I was struck to read in the obituary of the late and very lamented Donald Martino in the Boston Globe an excerpt from an interview with him from 1980: "My music is not austere and academic. It is a fantasy that anyone writes academic music. People write music for other people; the intention is to warm the spirit. I write music for people to listen to, to react to; I want them to say, 'Hey, this is nice!'" This from an unreconstructed, dyed-in-the-wool Princetonian serialist. (And the target of one of Taruskin's nastiest and most notorious attacks.)
While I'm at let me also offer a little quote from another oft-reviled (around S21, anyway) modernist:
"...I wrote it with the idea of a practical performance in mind...I was a composer with training that had given me the idea of what a public could be, and had taught me to listen to the music I heard in my head the way a possible public might listen to it if it were played in a live situation...if a composer’s training is any good, he had the ability to hear his music as another person would hear it...” (Flawed Words and Stubborn Sounds: A Conversation With Elliott Carter by Allen Edwards, pp. 35-36).

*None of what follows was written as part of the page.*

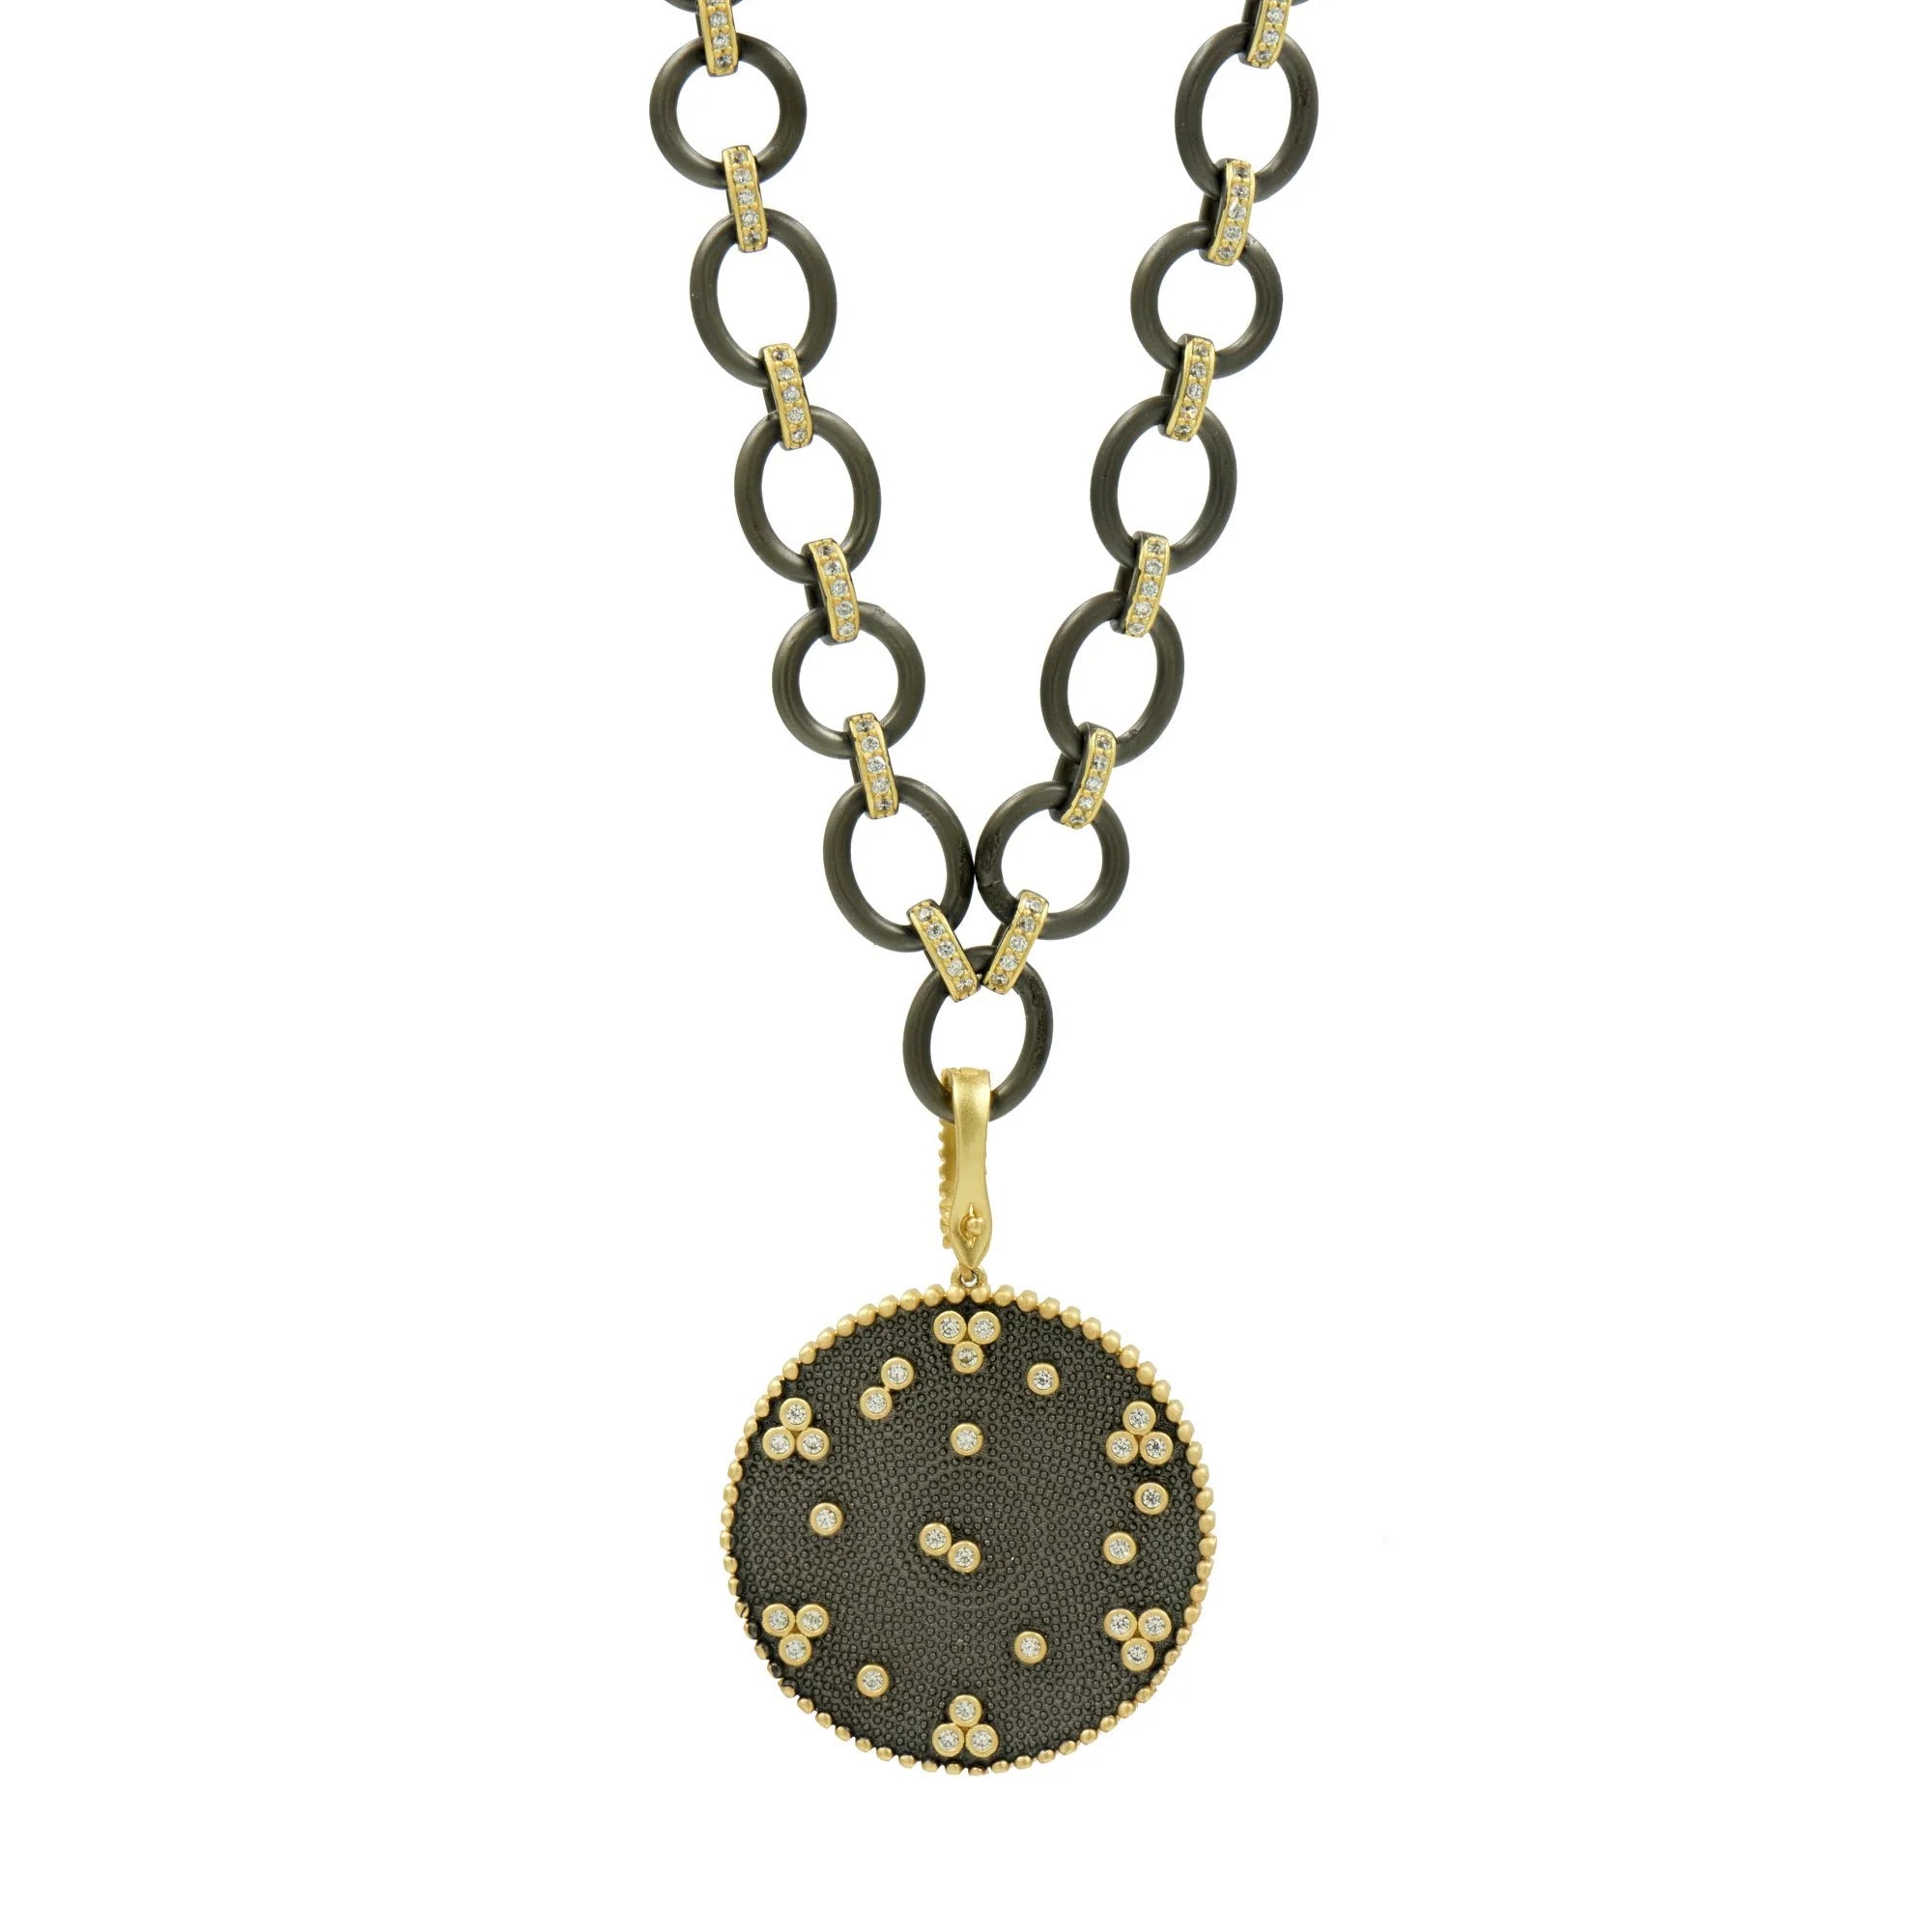 Freida Rothman "Signature Double Sided Pendant Chain Link Necklace"

I don't think I've ever met a composer who didn't think and wouldn't say something more or less along those lines. Anyway, Writing music, despite the fun of actually doing it and the charge of a good performance, is often times a difficult and discouraging proposition, and often times unrewarding except for the fun and that charge. Why would anybody do it, if not to try to do something that was meaningful to other people, and how else can s/he determine what that is except by going by what seems meaningful to her/him?